Ionized calcium concentration (Ca²⁺), phosphate (P), and 1,25D are the important input parameters. All Ca²⁺, 1,25D, and P profiles used in PTH predictions are simulated profiles within physiological meaningful ranges. A high‐level sketch of the model is provided in Figure 2 .

Figure 2.

The model inputs are the plasma ionized calcium concentration, plasma phosphate concentration as well as plasma 1,25D concentration. The model output is the PTH concentration.

Ca²⁺

The ionized calcium concentration (provided as an input parameter in this manuscript) regulates the PTG response via the CaSR. We couple the actual ionized calcium concentration and the PTG via the CaSR by equations (1), (2), (3), (4), (5), (6), (7), (8).

CaSR expression

CaSR and VDR expressions are determined in order to assess the overall sensitivity of the receptors to the concentration of the arterial blood ionized calcium and 1,25D concentrations. We model a dimensionless CaSR and VDR expression. The optimal value is normalized to 1 for both variables. Values lower than 1 correspond to a loss of CaSR or VDR expression. Receptor expression is regulated by a positive feedback loop between the CaSR and the VDR (Fig. 3) and is suppressed by phosphate. We therefore assume that the dimensionless CaSR expression, $\mathit{CaSR}$, and VDR expression, $\mathit{VDR}$ are governed by the following system of differential equations:

Figure 3.

Expression of the CaSR and VDR. While there is a positive feedback loop between the VDR and CaSR, CaSR and VDR expressions are suppressed by phosphate.

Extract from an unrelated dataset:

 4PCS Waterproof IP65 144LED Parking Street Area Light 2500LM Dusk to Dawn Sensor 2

$$\begin{array}{c}\hfill \frac{\mathit{dCaSR}}{\mathrm{d}t=p_{\mathrm{Ca}}·({\chi }^{\mathrm{in}}+(\mathit{VDR}-1)-{\pi }^{\mathrm{in}})·\mathit{CaSR}+n_{\mathrm{Ca}}·(1-\mathit{CaSR})}\end{array},$$ (1)

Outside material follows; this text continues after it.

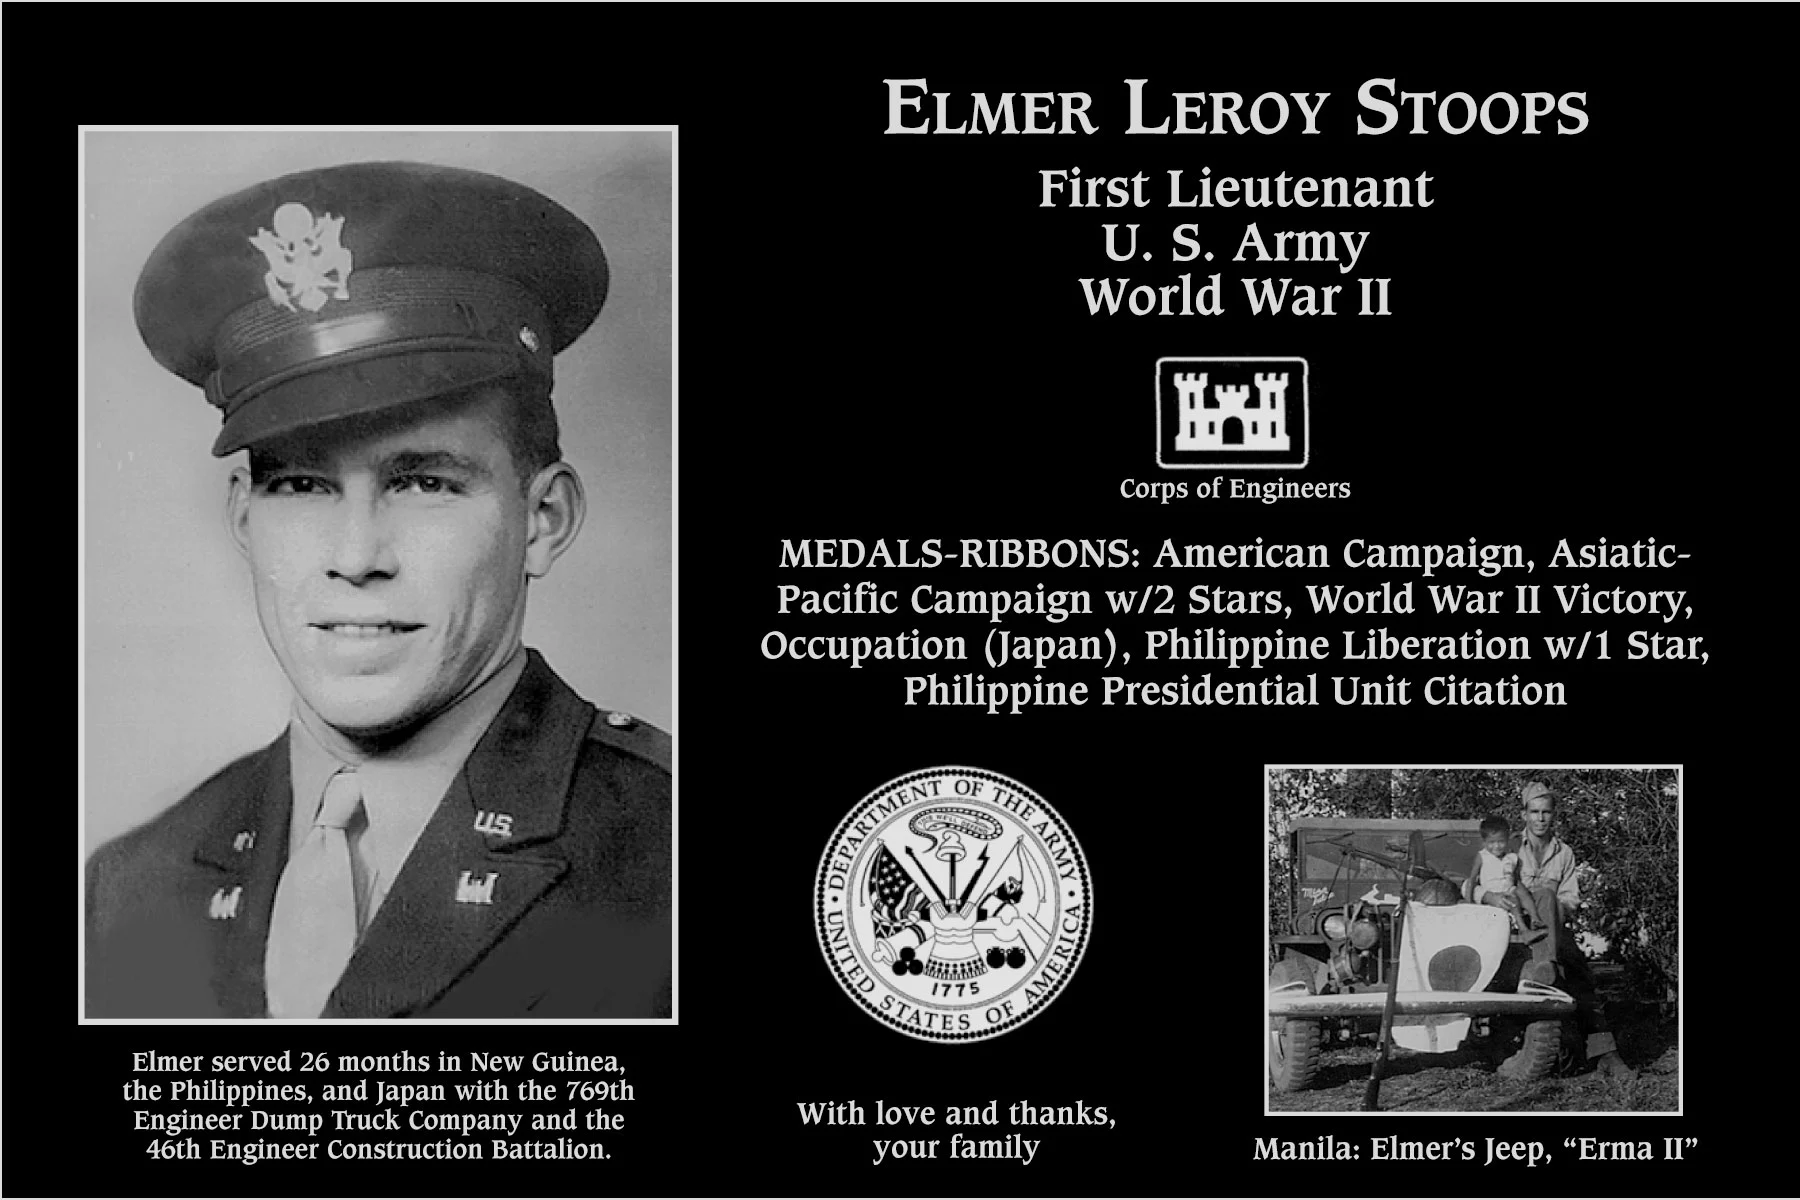 Elmer Leroy Stoops

$$\begin{array}{cc}\hfill \frac{\mathrm{d}VDR}{\mathrm{d}t}=& p_{\mathrm{D}}·({\delta }^{\mathit{in}}+(\text{CaSR}-1)-{\pi }^{\mathrm{in}})·\mathit{VDR}+n_{\mathrm{D}}·\hfill \\ & (1-\mathit{VDR}),\hfill \end{array}$$ (2)

$$\frac{\mathrm{d}{\chi }^{\mathit{in}}}{\mathrm{d}t}=({\text{stim}}_C(CS-C{a}_{\mathrm{opt}})·\left(1-\mathrm{sign}({\text{stim}}_C(CS-C{a}_{\mathrm{opt}})){\chi }^{\mathrm{in}}\right)-{\chi }^{\mathrm{in}})·{\tau }_C,$$ (3)

$$\begin{array}{cc}\hfill \frac{\mathrm{d}{\delta }^{\mathit{in}}}{\mathrm{d}t}=& ({\text{stim}}_D(DS-D_{\mathrm{opt}})\hfill \\ & ·\left(1-\mathrm{sign}(({\text{stim}}_D(DS-D_{\mathrm{opt}})){\delta }^{\mathit{in}})\right)-{\delta }^{\mathrm{in}})·{\tau }_D\hfill \end{array},$$ (4)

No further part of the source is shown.